Your friendly, blazing-fast, self-hostable AI gateway.
Hey there! 👋 Welcome to KeiRouter.
If you're using AI coding tools like Claude Code, Cursor, Cline, or literally any app that talks to OpenAI or Anthropic, you know the struggle: juggling API keys, hitting rate limits, and watching your token costs explode.
KeiRouter fixes that.
You just point all your AI tools to one local endpoint on your machine. KeiRouter acts as your smart middleman—routing requests to the right AI models, automatically falling back if a service goes down, caching repeated questions to save money, and compressing big chunks of text before they even reach the AI!
It's built with Go, which means it’s incredibly lightweight (using barely ~20MB of RAM) and starts up instantly. Plus, it comes with a beautiful dashboard to manage everything. ✨
Status: Active development. See the Architecture section for what's implemented.
- 🔀 One Endpoint to Rule Them All: Your apps only need to speak OpenAI or Anthropic. KeiRouter handles translating your requests to whatever provider you actually want to use behind the scenes.
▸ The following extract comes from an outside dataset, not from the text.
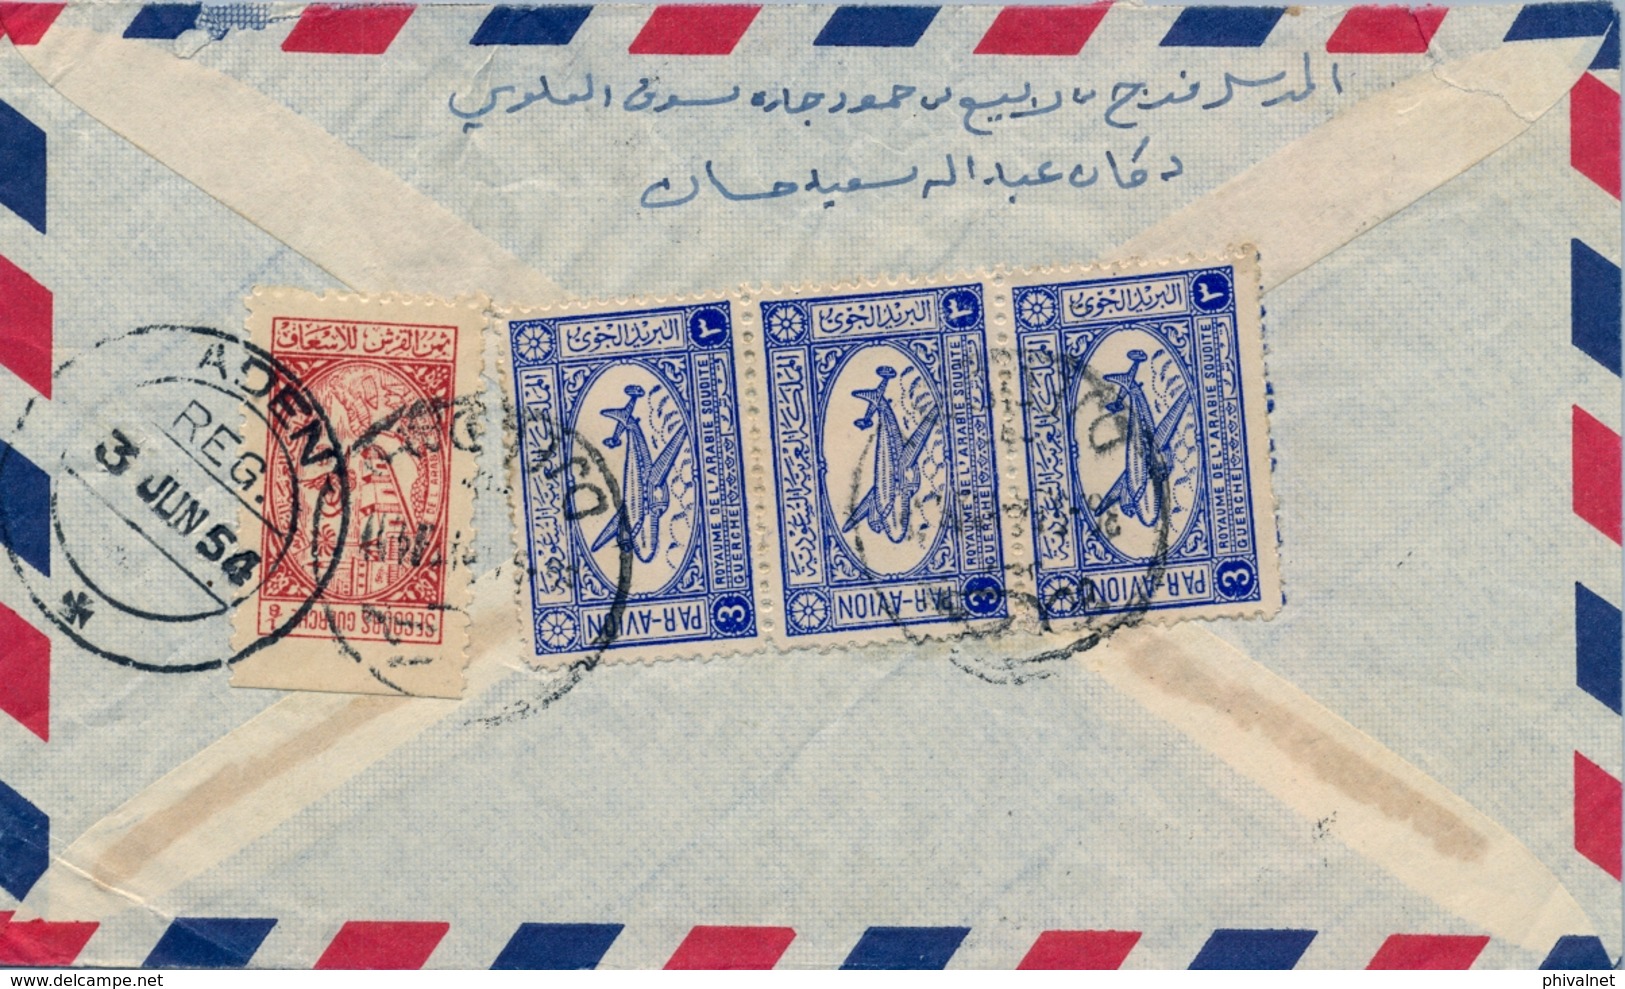 1954 , ARABIA SAUDITA , SOBRE CIRCULADO , JEDDAH - ADEN , LLEGADA AL DORSO - Arabia Saudita

- 🛡️ Never Stop Coding: Hit a rate limit? Provider down? KeiRouter automatically falls back to your backup models so your workflow never gets interrupted.
- 💸 Save Serious Cash:
- Input Compression: It shrinks massive logs, code diffs, and file structures before sending them to the LLM.
- Output Compression: Tell the AI to speak in "terse mode" to cut out all the yapping and just give you the code.
- Savings Dashboard: See exactly how much money you've saved with a detailed breakdown of input and output compression ratios.
- 💰 Budget Engine: Set per-key or per-organization USD and token hard limits with auto-cutoff to prevent unexpected bills.
- 🚦 Rate Limiting: Protect your gateway and upstream quotas with per-key RPM, TPM, and concurrency caps. Use global defaults or assign limits through reusable plans.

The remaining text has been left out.